**Recorded information**
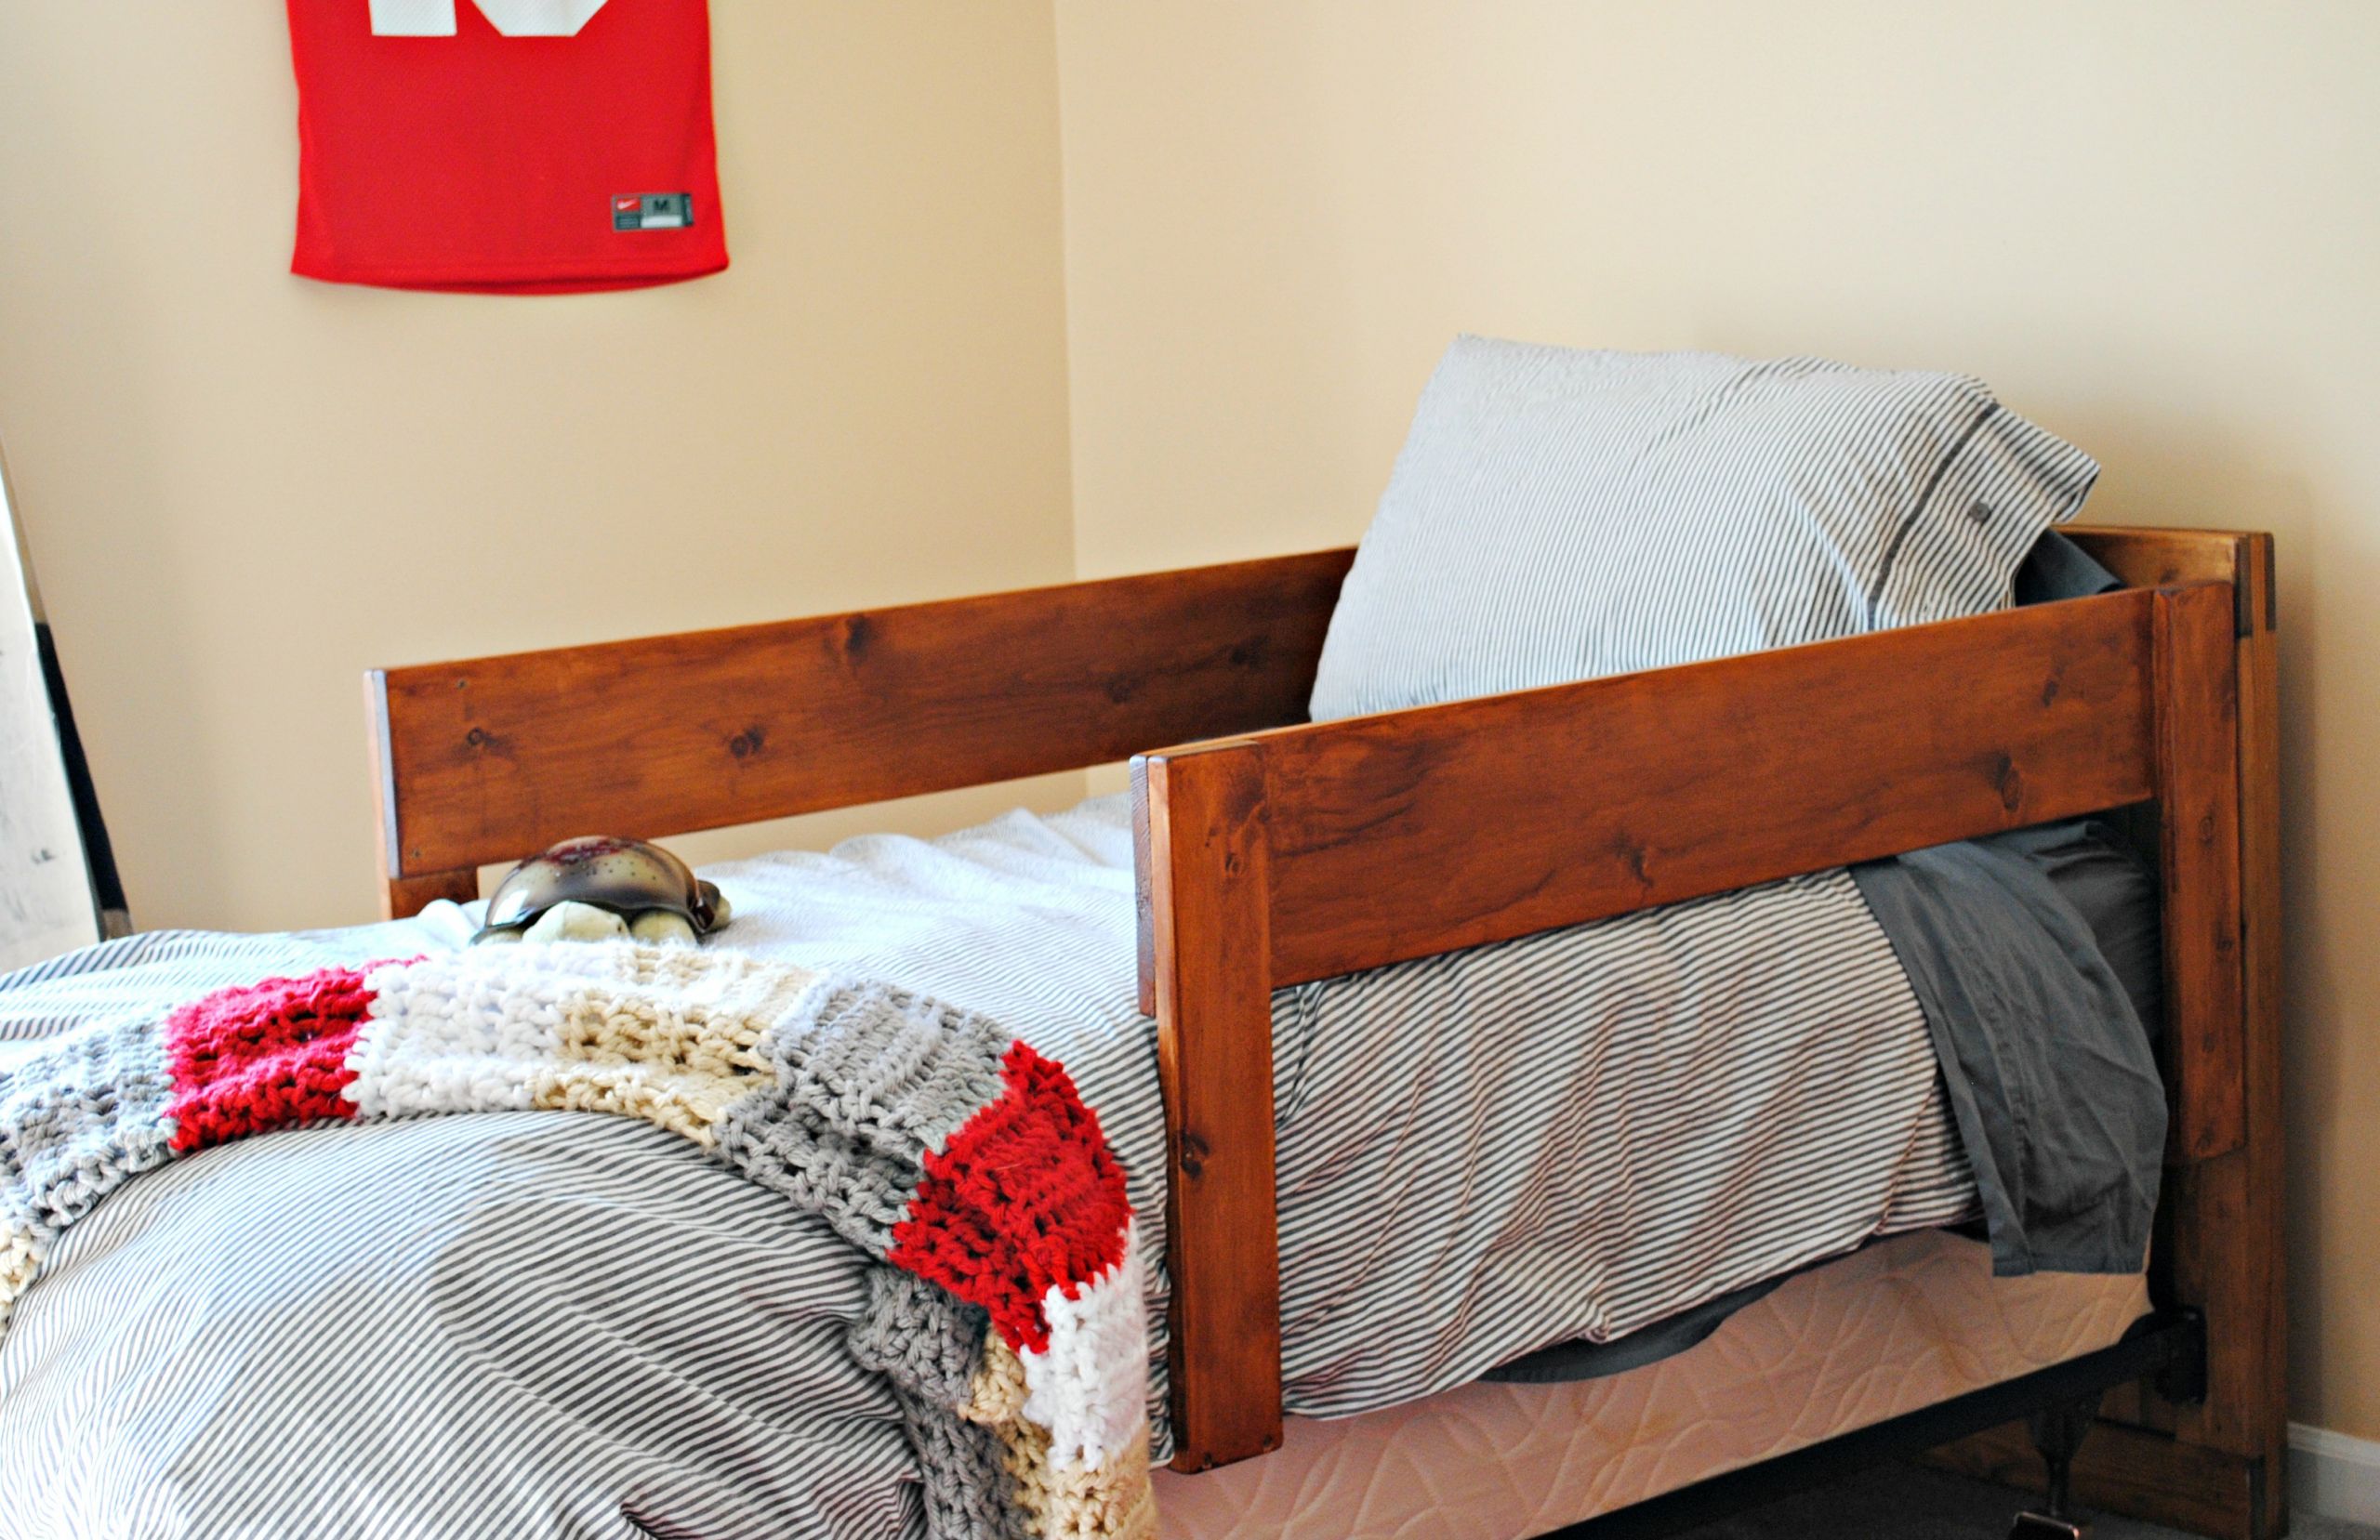 DIY Toddler Bed Rails
 DIY Toddler Bed Rails Place in Progress
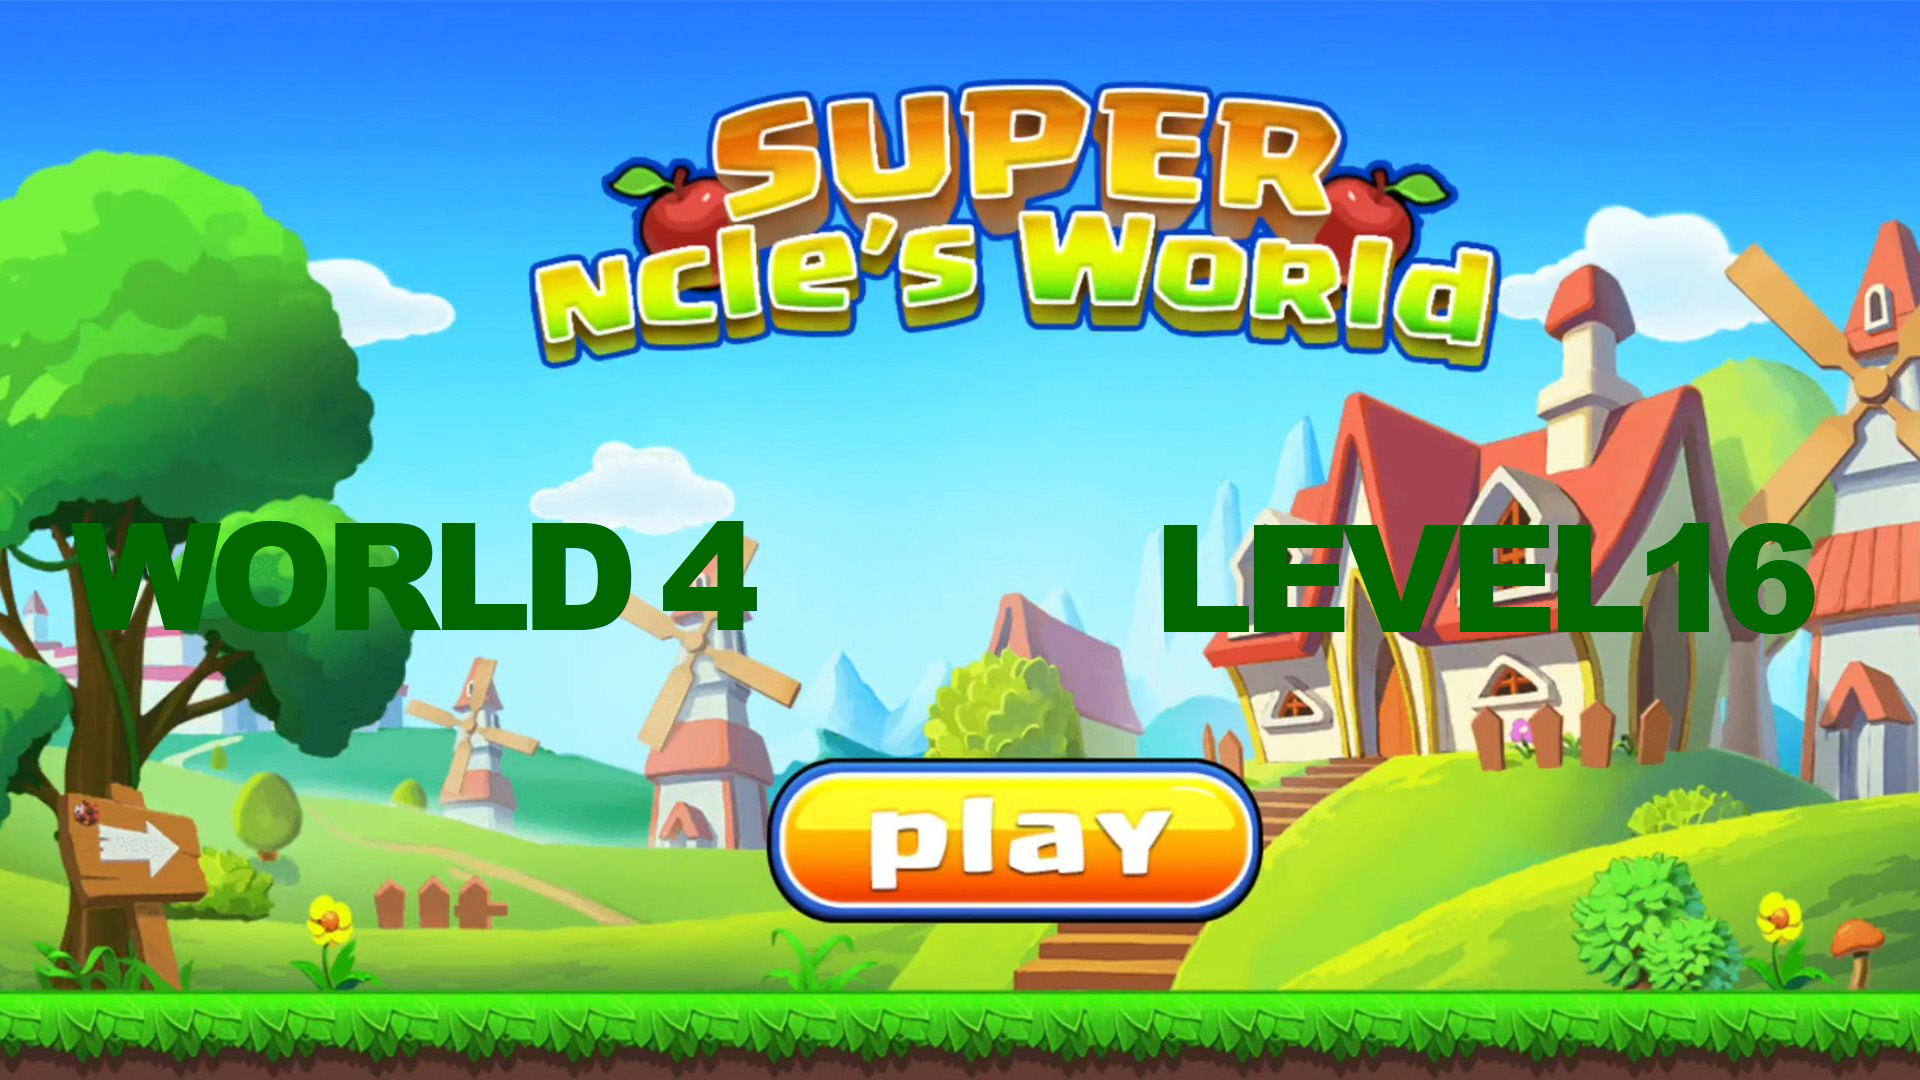 Super ncle's  World 4. Level 16.

**What the task requires**
Copy out the material exactly as it stands, though no picture should appear in the copy.

**Expected answer**
 DIY Toddler Bed Rails
 DIY Toddler Bed Rails Place in Progress
 Super ncle's  World 4. Level 16.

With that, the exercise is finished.